For id=1, I would like to keep only the 1st, 3rd and 5th rows.
This is because if we compare 1st date and 2nd date, they differ by 32 days. So, remove 2nd date. We proceed to comparing 1st and 3rd date, and they differ by 152 days. So, we keep 3rd date.
Now, instead of using 1st date as reference, we use 3rd date. 3rd date and 4th date differ by 61 days. So, remove 4th date. We proceed to comparing 3rd date and 5th date, and they differ by 121 days. So, we keep 5th date.
In the end, the dates we keep are 1st, 3rd and 5th dates. As for id=2, there is only one row, so we keep that. The desired result is shown in dfnew.
df <- read.table(header = TRUE, text = "
id var1 date
1 A 2006-01-01
1 B 2006-02-02
1 C 2006-06-02
1 D 2006-08-02
1 E 2007-12-01
2 F 2007-04-20
",stringsAsFactors=FALSE)
dfnew <- read.table(header = TRUE, text = "
id var1 date
1 A 2006-01-01
1 C 2006-06-02
1 E 2007-12-01
2 F 2007-04-20
",stringsAsFactors=FALSE)
I can only think of starting with grouping the df by id as follows:
library(dplyr)
dfnew <- df %>% group_by(id)
However, I am not sure of how to continue from here. Should I proceed with filter function or slice? If so, how?
Here's an attempt using rolling joins in the data.table which I believe should be efficient
library(data.table)
# Set minimum distance
mindist <- 91L
# Make sure it is a real Date
setDT(df)[, date := as.IDate(date)]
# Create a new column with distance + 1 to roll join too
df[, date2 := date - (mindist + 1L)]
# Perform a rolling join per each value in df$date2 that has atleast 91 difference from df$date
unique(df[df, on = c(id = "id", date = "date2"), roll = -Inf], by = c("id", "var1"))
# id var1 date date2 i.var1 i.date
# 1: 1 A 2005-10-01 2005-10-01 A 2006-01-01
# 2: 1 C 2006-03-02 2006-03-02 C 2006-06-02
# 3: 1 E 2007-08-31 2007-08-31 E 2007-12-01
# 4: 2 F 2007-01-18 2007-01-18 F 2007-04-20
This will give you two additional columns but it's not a big of a deal IMO. Logically this makes sense and I've tested it successfully on different scenarios but it may need some additional proof tests.
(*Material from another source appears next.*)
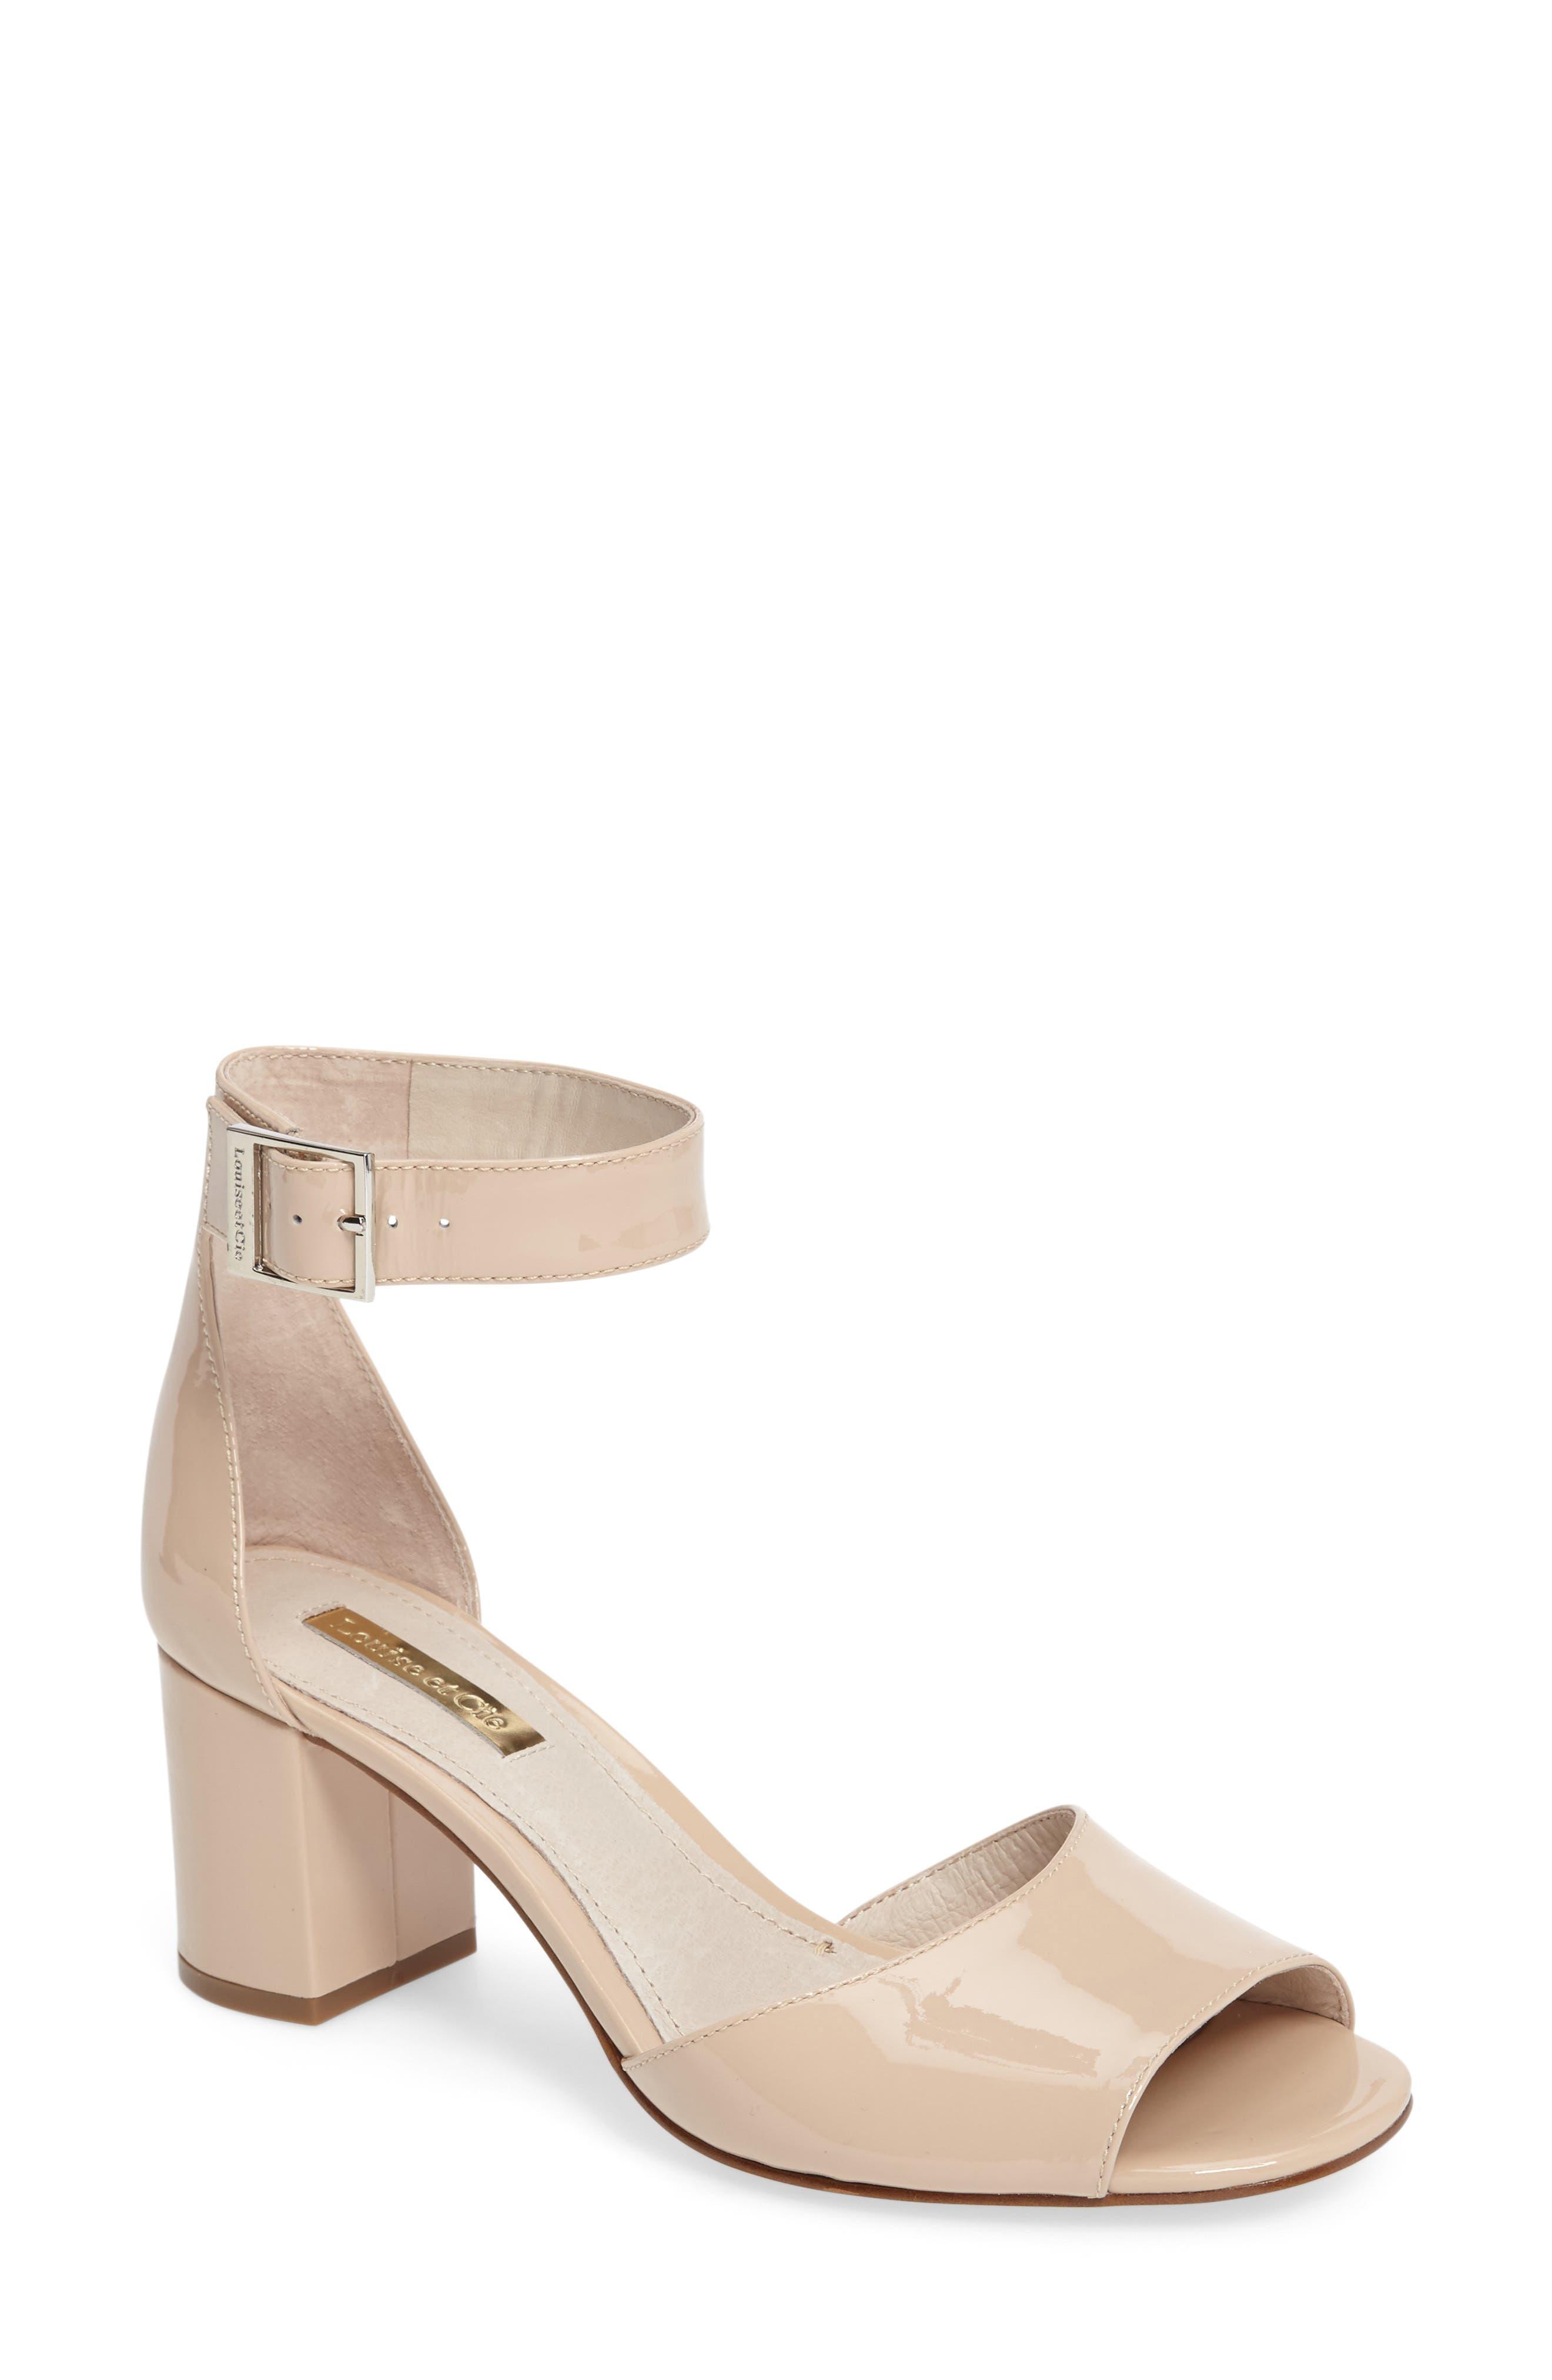 Karisa Ankle Cuff Sandal,                         Main,                         color, Angel Food Patent

An alternative that uses slice from dplyr is to define the following recursive function:
library(dplyr)
f <- function(d, ind=1) {
ind.next <- first(which(difftime(d,d[ind], units="days") > 90))
if (is.na(ind.next))
return(ind)
else
return(c(ind, f(d,ind.next)))
}
This function operates on the date column starting at ind = 1. It then finds the next index ind.next that is the first index for which the date is greater than 90 days (at least 91 days) from the date indexed by ind. Note that if there is no such ind.next, ind.next==NA and we just return ind. Otherwise, we recursively call f starting at ind.next and return its result concatenated with ind. The end result of this function call are the row indices separated by at least 91 days.
With this function, we can do:
result <- df %>% group_by(id) %>% slice(f(as.Date(date, format="%Y-%m-%d")))
##Source: local data frame [4 x 3]
##Groups: id [2]
##
## id var1 date
## <int> <chr> <chr>
##1 1 A 2006-01-01
##2 1 C 2006-06-02
##3 1 E 2007-12-01
##4 2 F 2007-04-20
The use of this function assumes that the date column is sorted in ascending order by each id group. If not, we can just sort the dates before slicing. Not sure about the efficiency of this or the dangers of recursive calls in R. Hopefully, David Arenburg or others can comment on this.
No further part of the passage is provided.